Безумие, царившее вокруг, достигло поистине неземных степеней. Небо нависло низко, его неопределенно мутный цвет превращал день в подобие вечных сумерек, отчего разница между сном и бдением почти сходила на нет. Хаим попытался выходить на улицы и там играть на флейте. Но в голове было пусто, пальцы стыли, и горькие, едва живые звуки музыки уже не содержали в себе ничего такого, что привлекло бы внимание прохожих. Тогда он принялся просить милостыню, беря с собою младших братьев, чьи жалобы вроде бы иногда трогали отзывчивую струнку в некоторых еврейских сердцах. У них еще были талоны на питание, один раз в день их кормили в народной столовой Комитета взаимопомощи. С утра до вечера приходилось быть начеку: научиться избегать камней, падающих с неба, и дубинок еврейской полиции, наскоков вопящих поляков, украинцев и латышей, немецких грузовиков, внезапно сворачивавших прямо в толпу, и взбесившихся ног взрослых людей, способных в паническом бегстве раздавить ребенка.

Наступила пора его бар мицвы, и Хаим решил, что она пройдет в точности так, как в Подгорце, а не как здесь в гетто, где состоятельные евреи давали своим детям уроки музыки, оставляя умирать сирот с Крохмальной улицы. Однажды ночью в своем треугольном закуте он обрядился в самые лучшие одежды, надел и праздничные ботинки, специально для него изготовленные отцом: одновременно нежные, словно человеческая кожа, и крепкие, как кость, да к тому же мелодично поскрипывавшие при каждом шаге. Затем он направился в старую деревянную синагогу, торжественно поднялся по ступеням, ведущим на алмемор. С этого возвышения он впервые смог обозреть все собрание присутствующих и произнести с нужной интонацией и подобающим видом те слова, которые перед Богом и людьми делают еврея евреем. Ему все хлопали, даже в том закрытом бархатной завесой отсеке, где стояли женщины. Но в этот момент кто-то, рыдая, спустился по лестнице, и стук ступенек под его ногами звучно отдался в треугольном закуте, жадно ловившем все ночные шумы. Затем над Варшавой опять воцарилась тишина, а в Подгорце возобновились рукоплескания, но они слышались уже не так отчетливо, возникли помехи — скрип треугольной дверцы их чулана, дыхание домов гетто, воспоминания о красной кирпичной стене и бесконечных пространствах, отделяющих Хаима от тел, укрытых землей в могильном рву. Вскоре он заснул. Назавтра рукоплескания возобновились во всей первоначальной свежести.
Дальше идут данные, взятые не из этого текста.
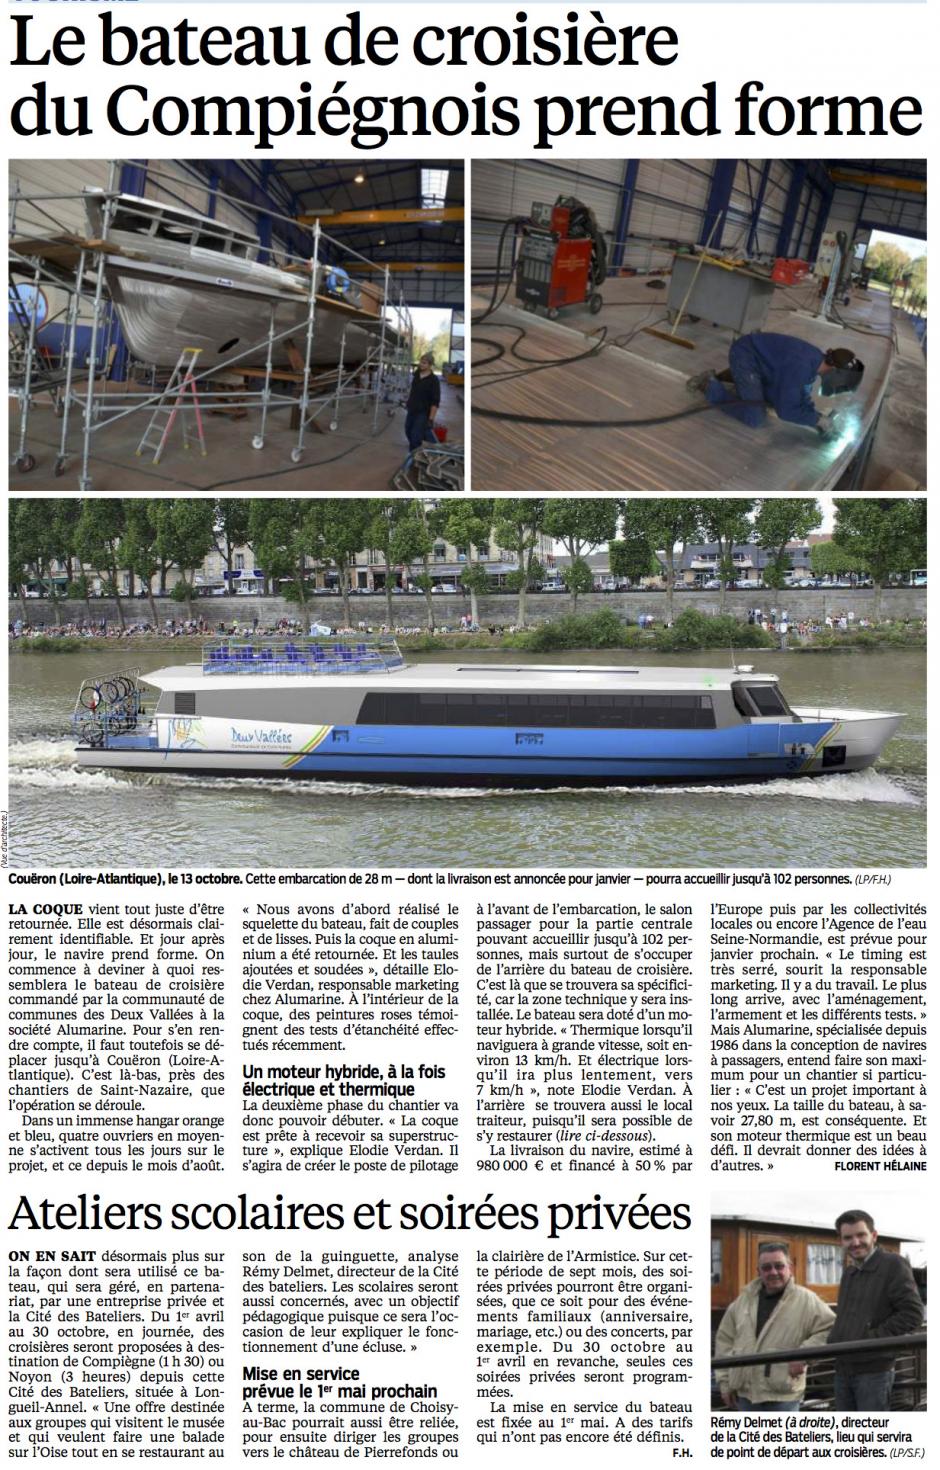 20141101-LeP-Compiégnois-Le bateau de croisière prend forme
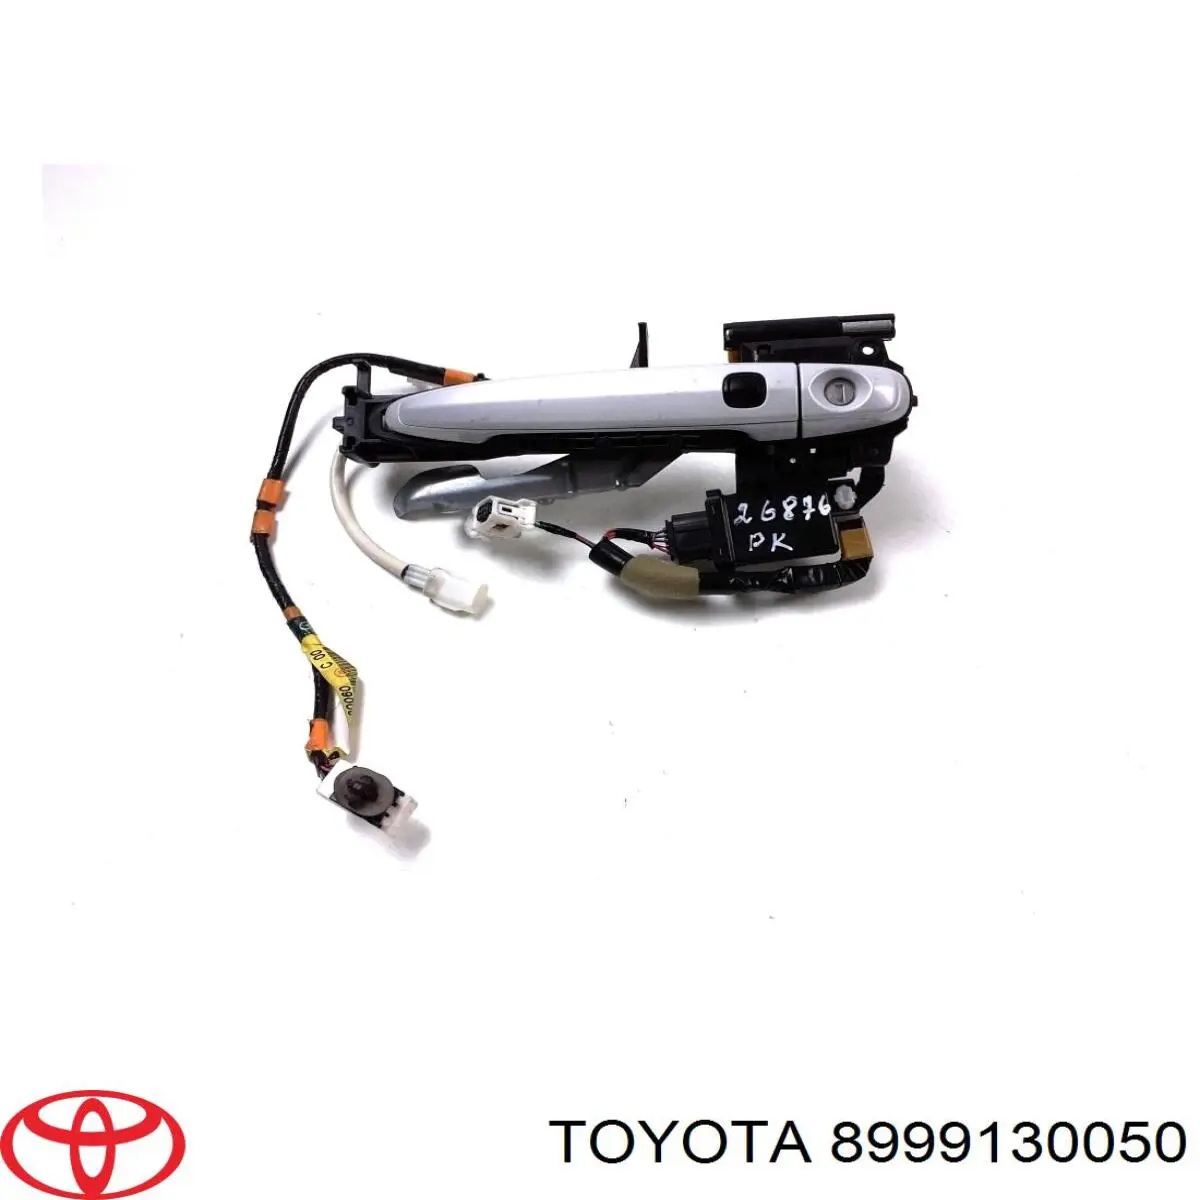 8999130050 Toyota датчик бесключевого доступа двери (приемник ключа)

Но у него уже появились сомнения по поводу этой церемонии, он почувствовал, что было бы лучше, если бы его отец присутствовал на ней во плоти. Однако сон — чудо из разряда пророческих, так говорили люди в Подгорце. Стало быть, видение, явленное ему, его бар мицва могла быть чем-то подлинным, взаправду имевшим место? Но если это лишь самый обычный сон, можно ли считать, что церемония состоялась? Если нет, если его бар мицва пред ликом Создателя недействительна, что теперь станется с ним? Ведь тогда получается, что он потерял право быть ребенком, так и не сделавшись взрослым? Не придется ли ему отныне считать себя лишь тенью человека?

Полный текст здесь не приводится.